_EXERCISE AIM_
Everything from the line with "Within hours of" down to the line with "Recent Comic Purchases - Daytripper" below must be printed exactly, those two lines included. Exclude pictures.

_ENTRIES SUPPLIED_
# # #

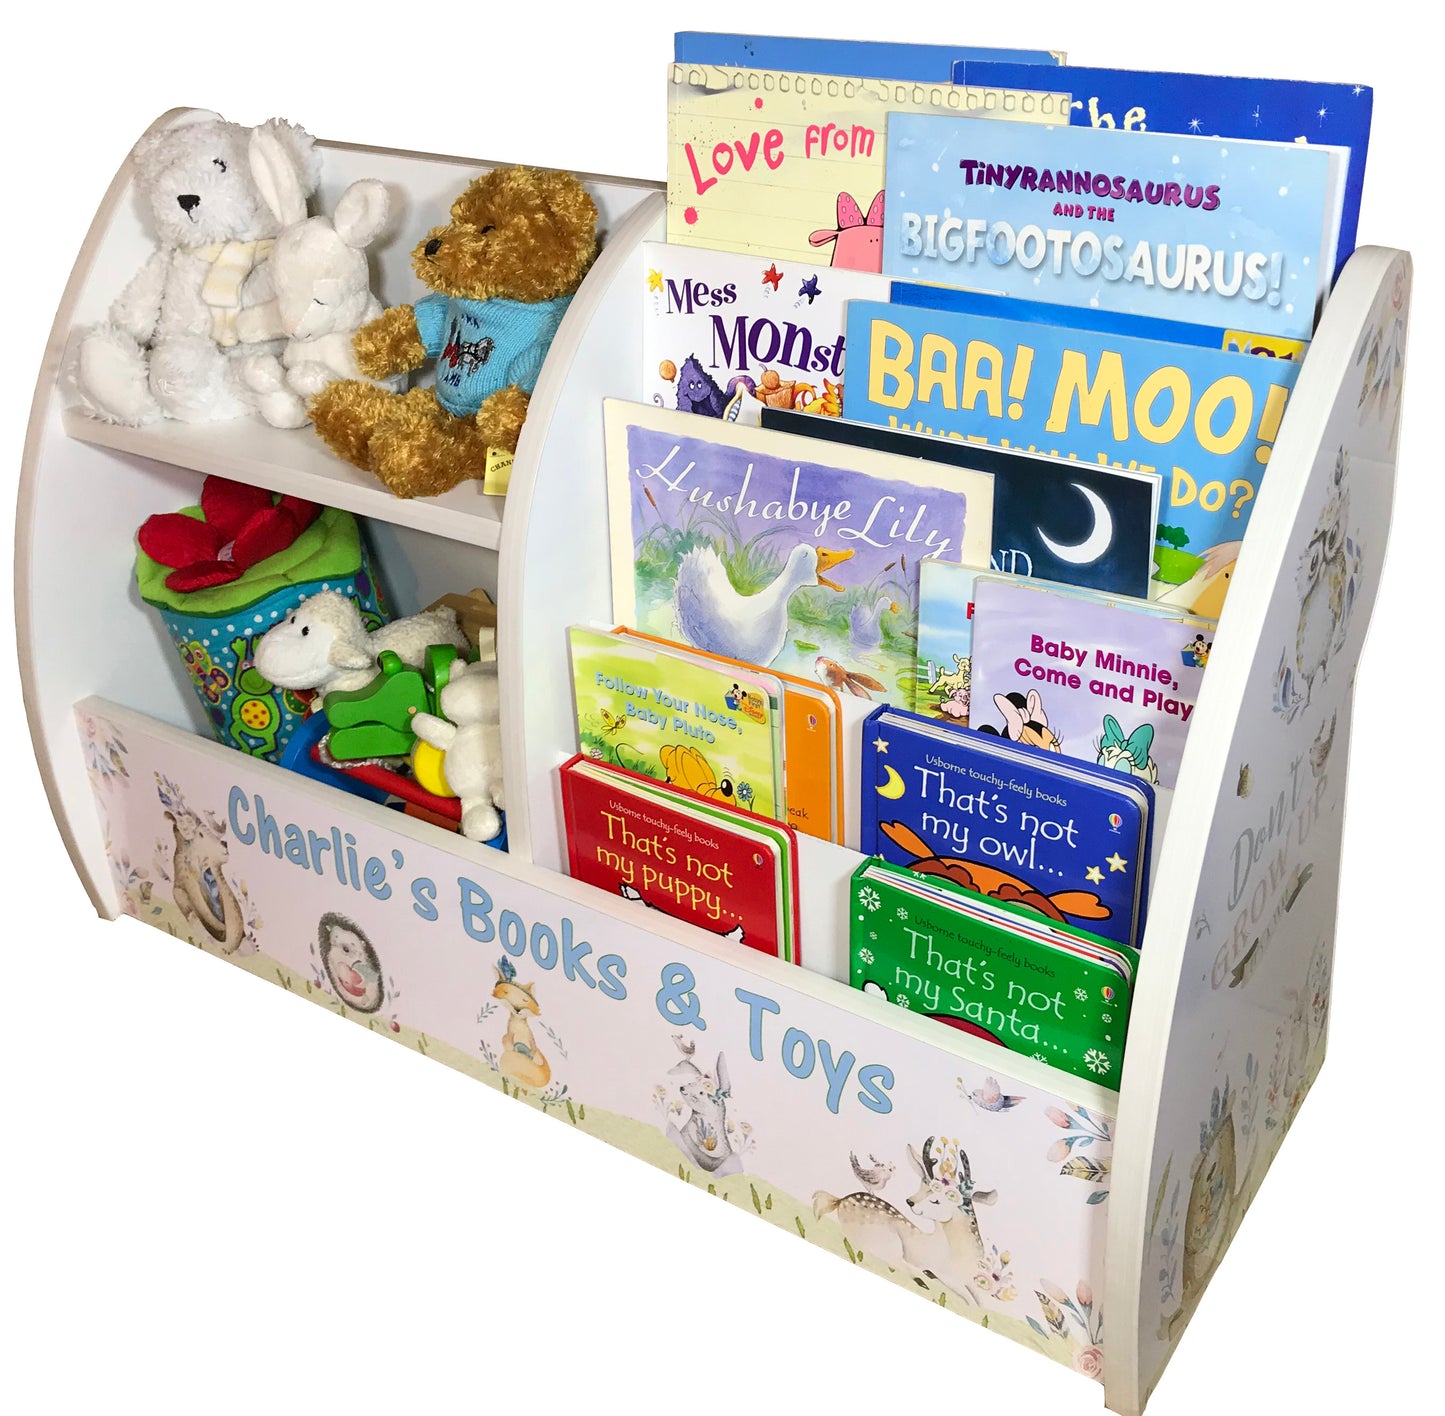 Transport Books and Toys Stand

# # #

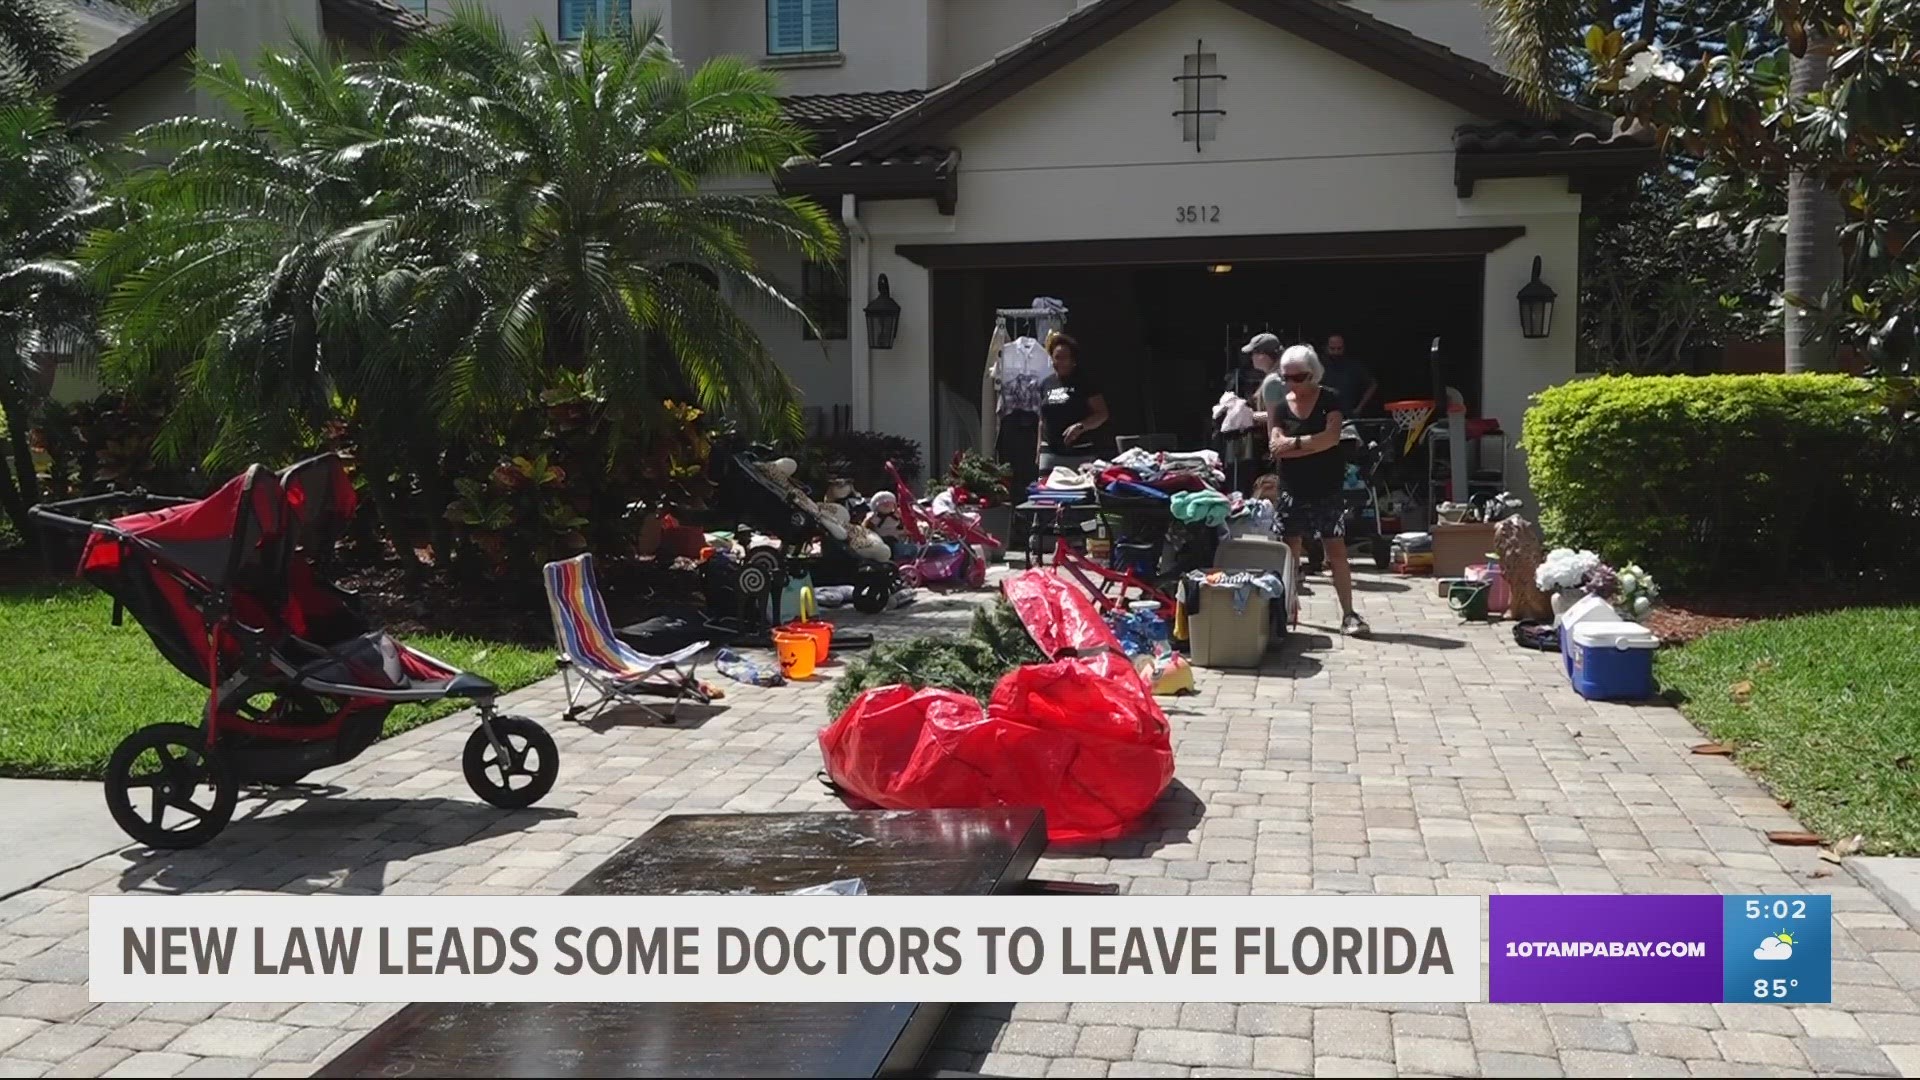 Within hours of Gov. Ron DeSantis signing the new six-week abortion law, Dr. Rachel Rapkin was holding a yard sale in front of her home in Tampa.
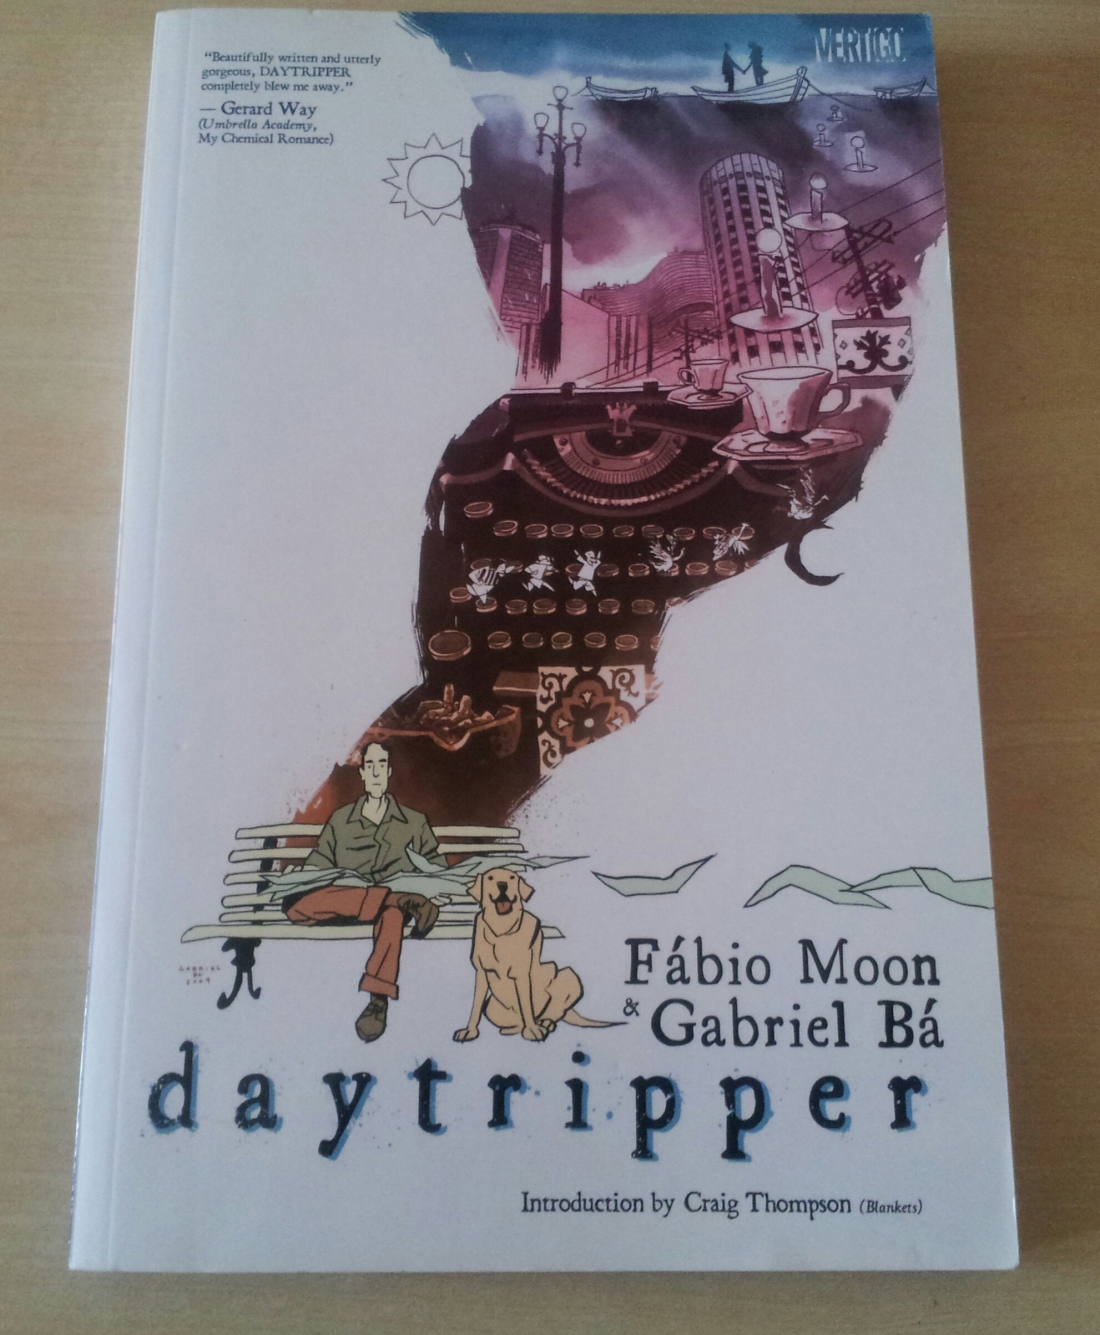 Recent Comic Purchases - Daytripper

# # #

_ANSWER TO THIS TASK_
 Within hours of Gov. Ron DeSantis signing the new six-week abortion law, Dr. Rachel Rapkin was holding a yard sale in front of her home in Tampa.
 Recent Comic Purchases - Daytripper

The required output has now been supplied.